Print the data below exactly, but only the lines from the one containing "11.1 Homogene algebraische Strukturen" down to the one containing "11.1.1 Definition", inclusive.
Records shown section start
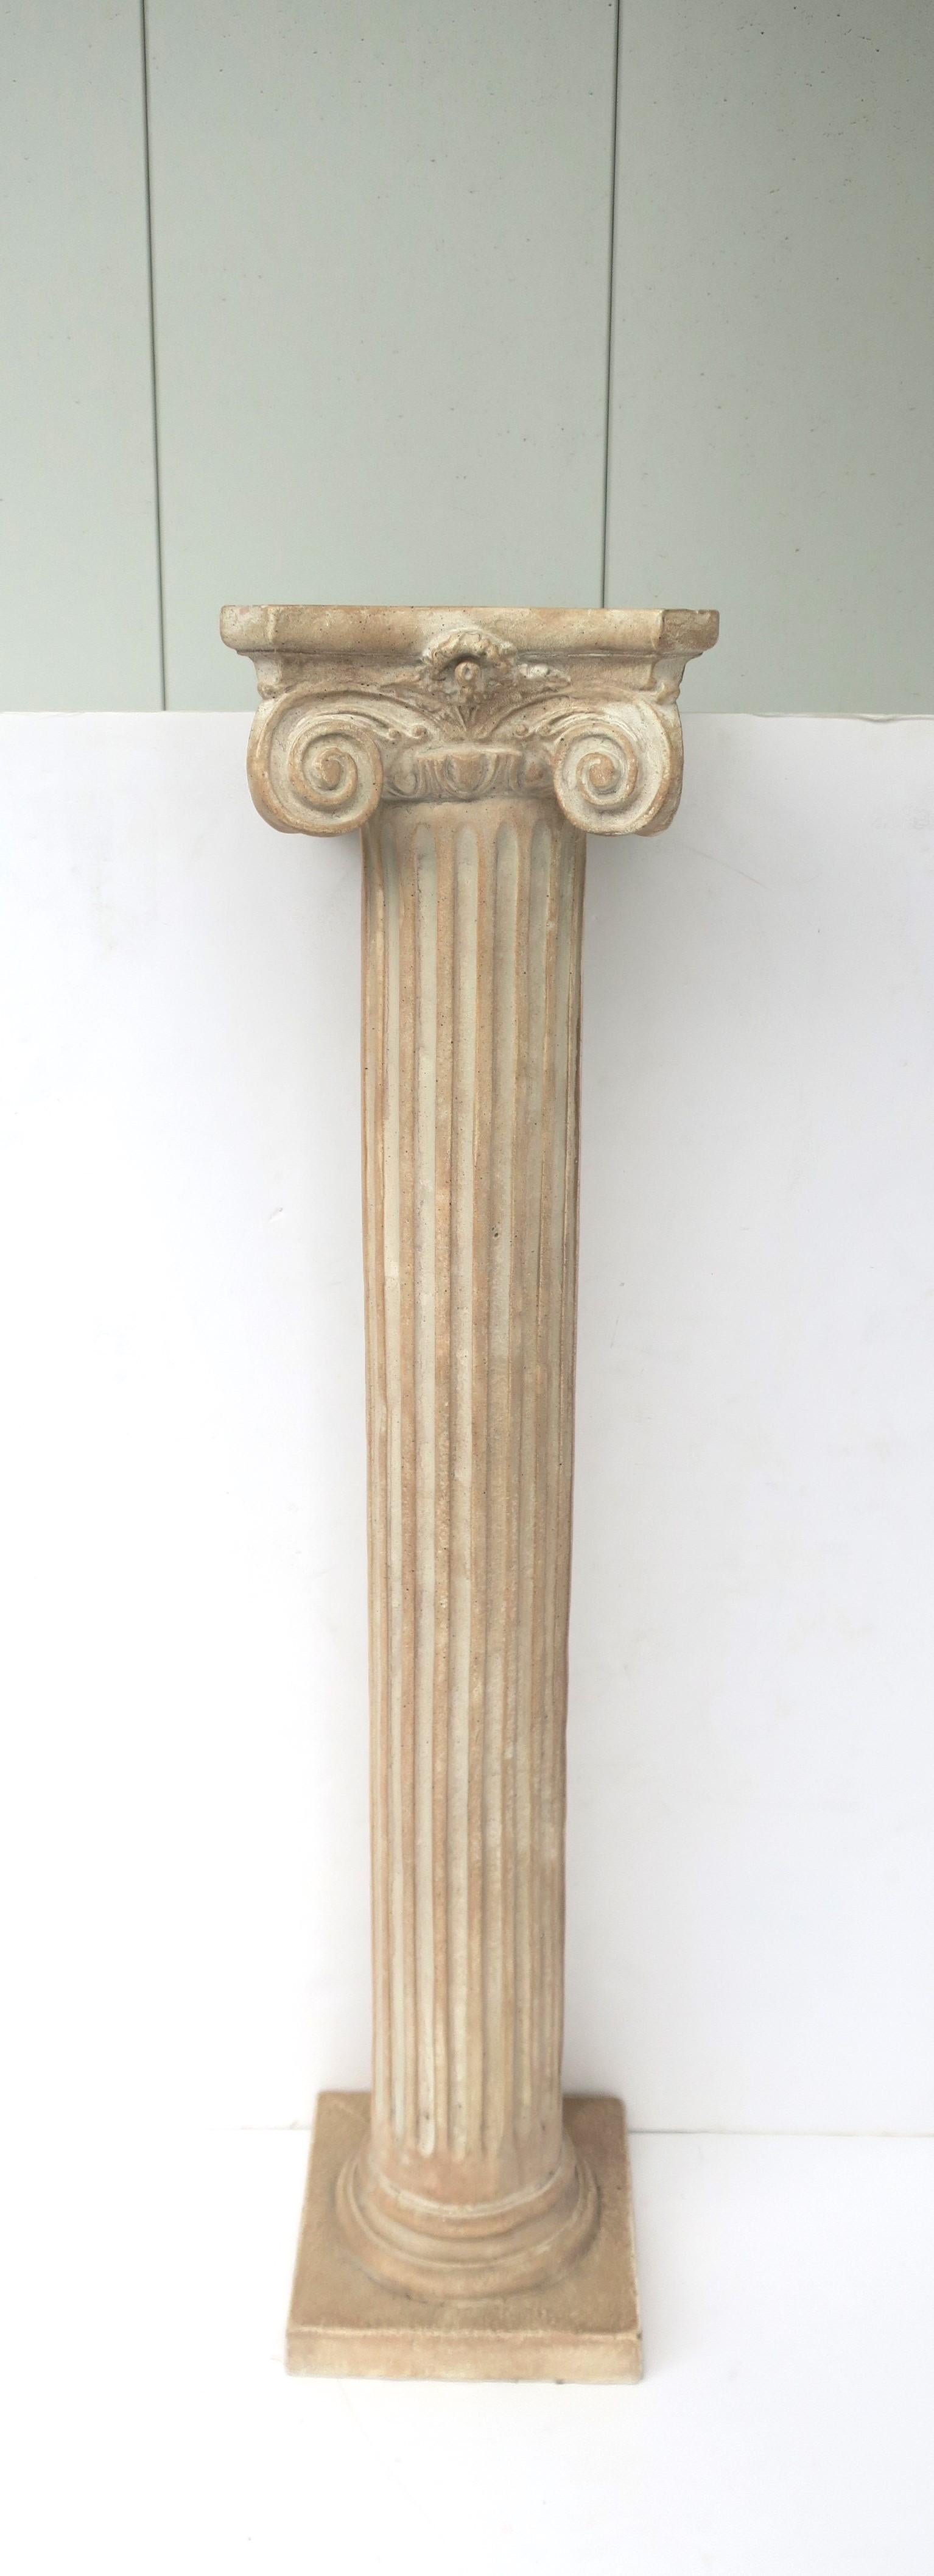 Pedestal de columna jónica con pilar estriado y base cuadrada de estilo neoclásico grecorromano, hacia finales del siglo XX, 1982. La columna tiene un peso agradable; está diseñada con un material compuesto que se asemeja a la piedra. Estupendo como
Records shown section end
Records shown section start
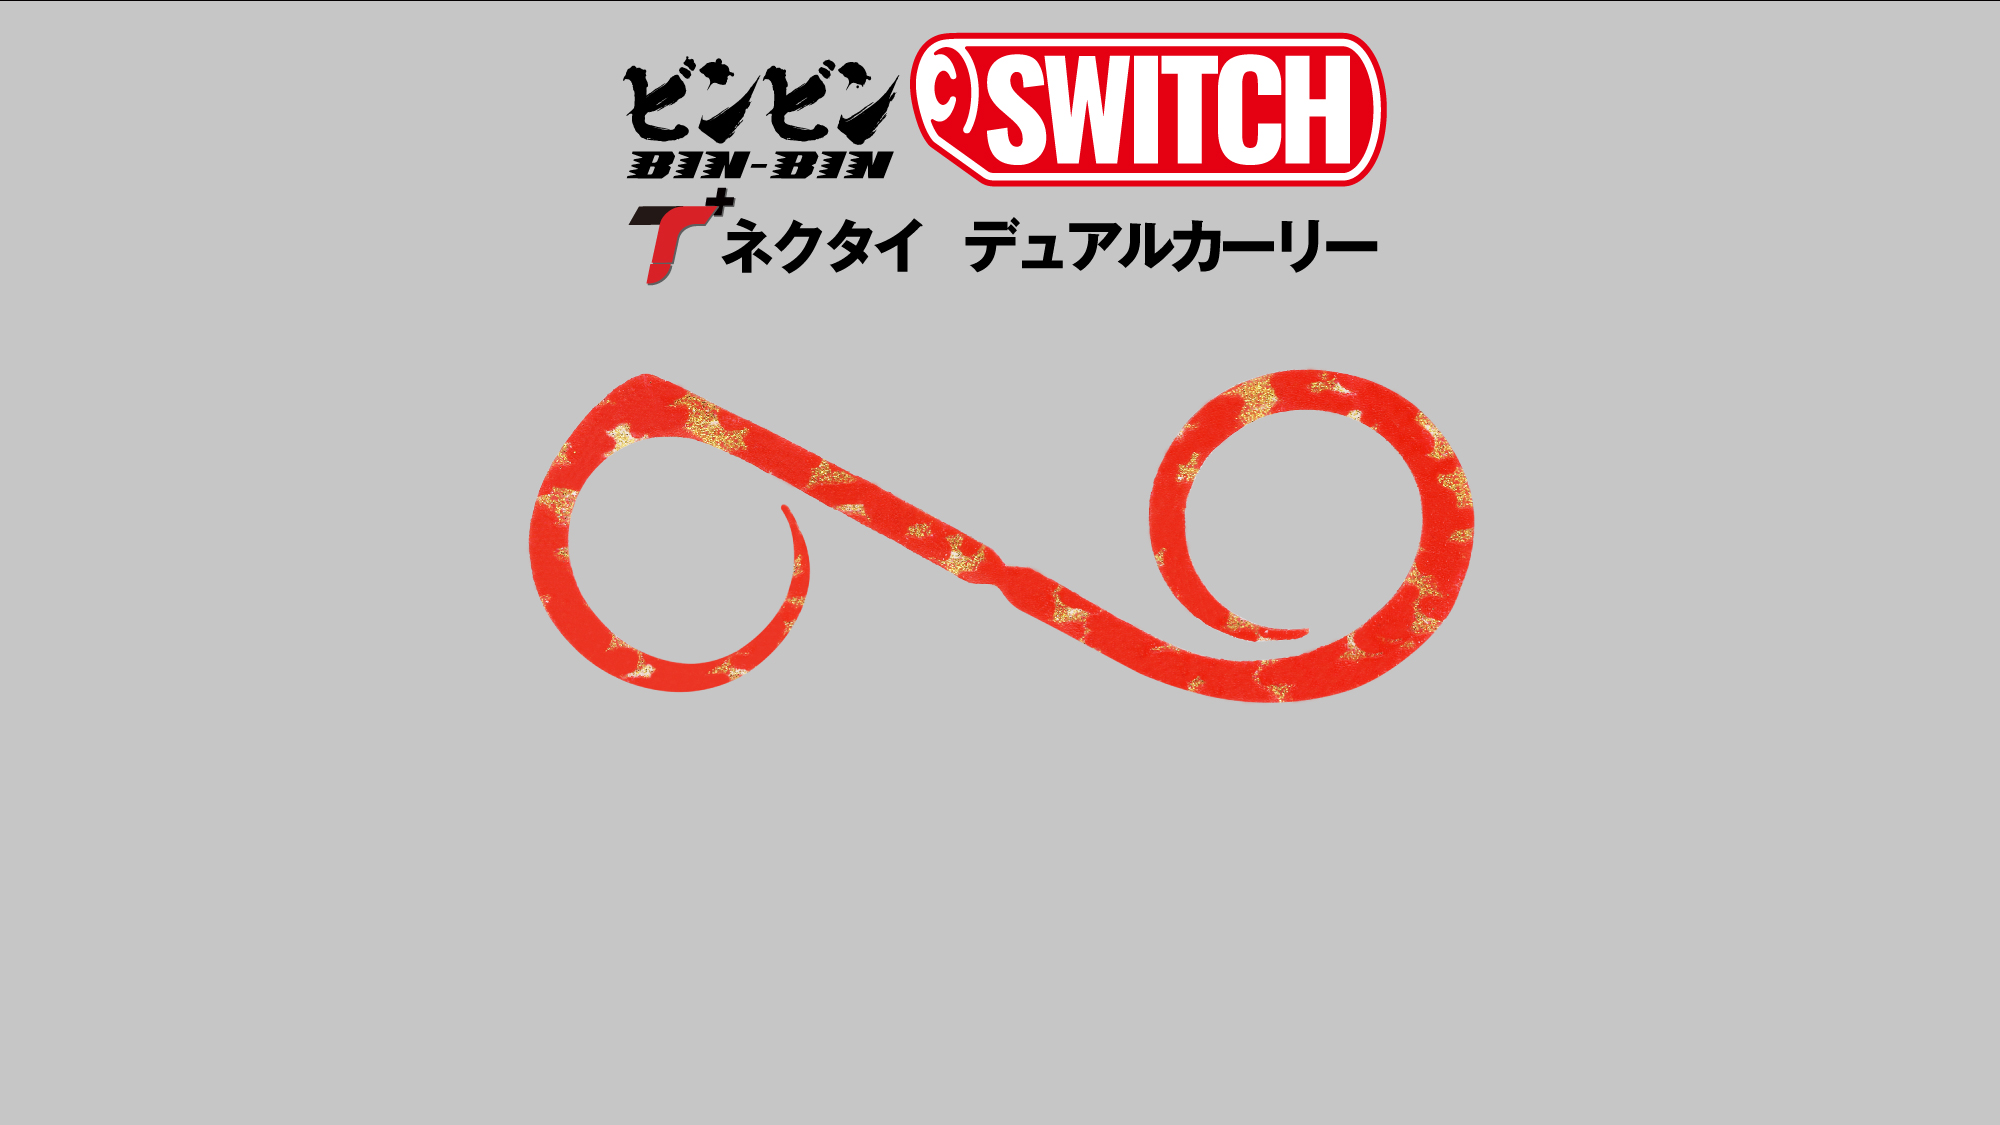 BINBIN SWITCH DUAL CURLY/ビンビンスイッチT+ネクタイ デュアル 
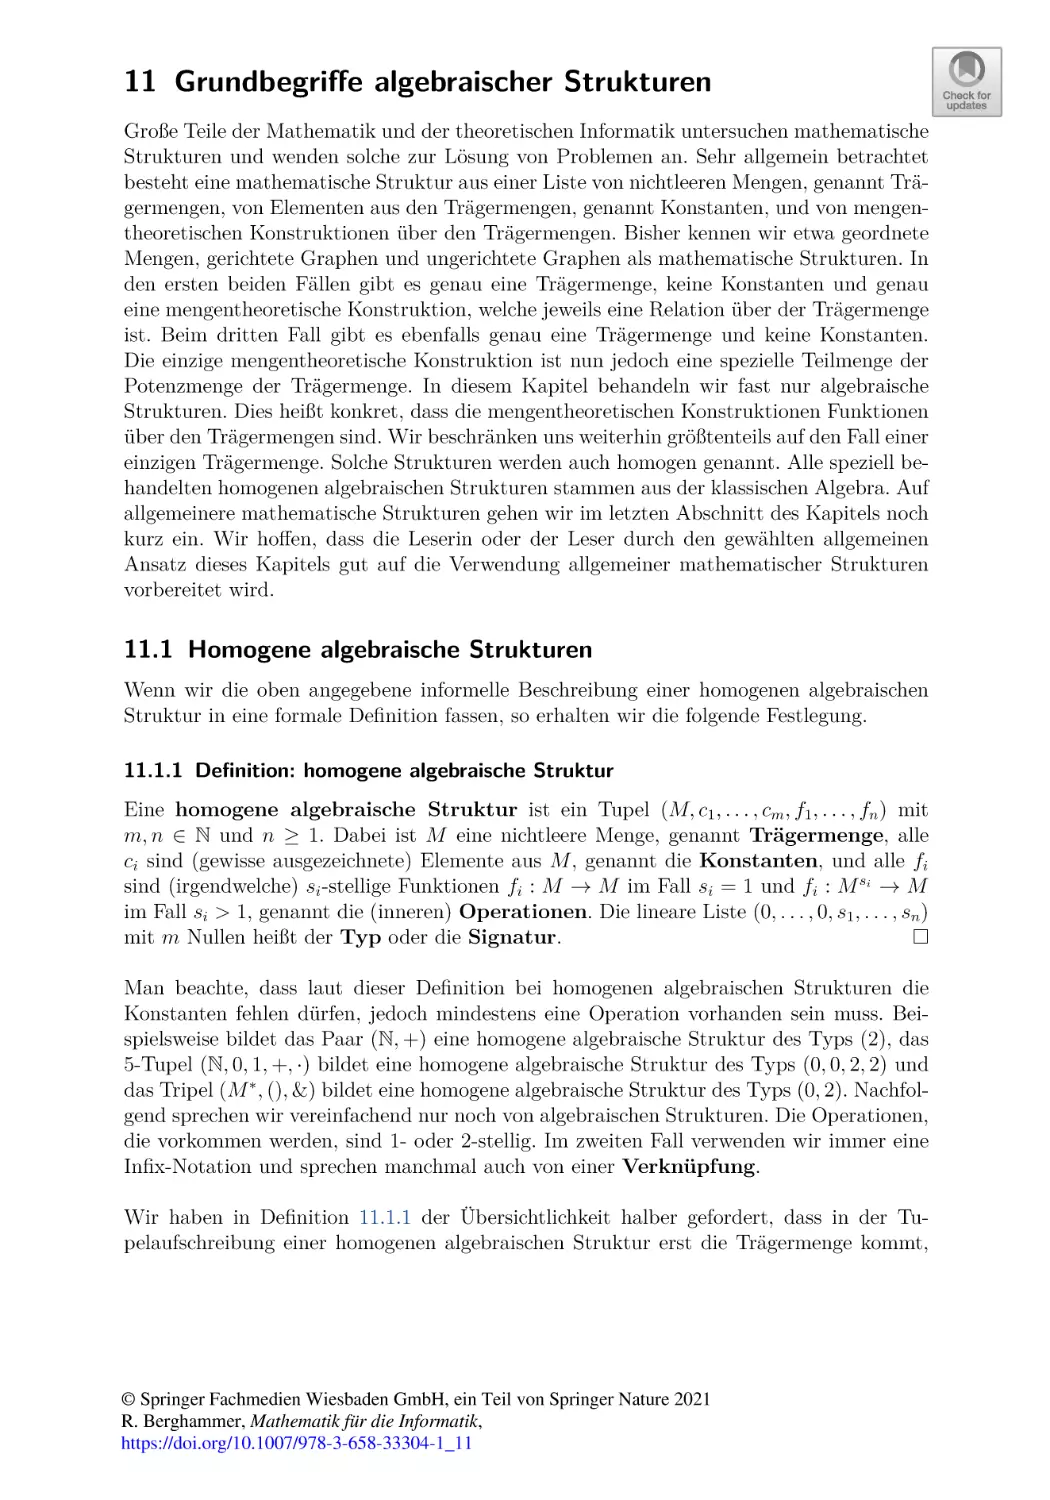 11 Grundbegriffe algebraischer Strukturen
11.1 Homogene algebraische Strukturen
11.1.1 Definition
Records shown section end
**Result**
11.1 Homogene algebraische Strukturen
11.1.1 Definition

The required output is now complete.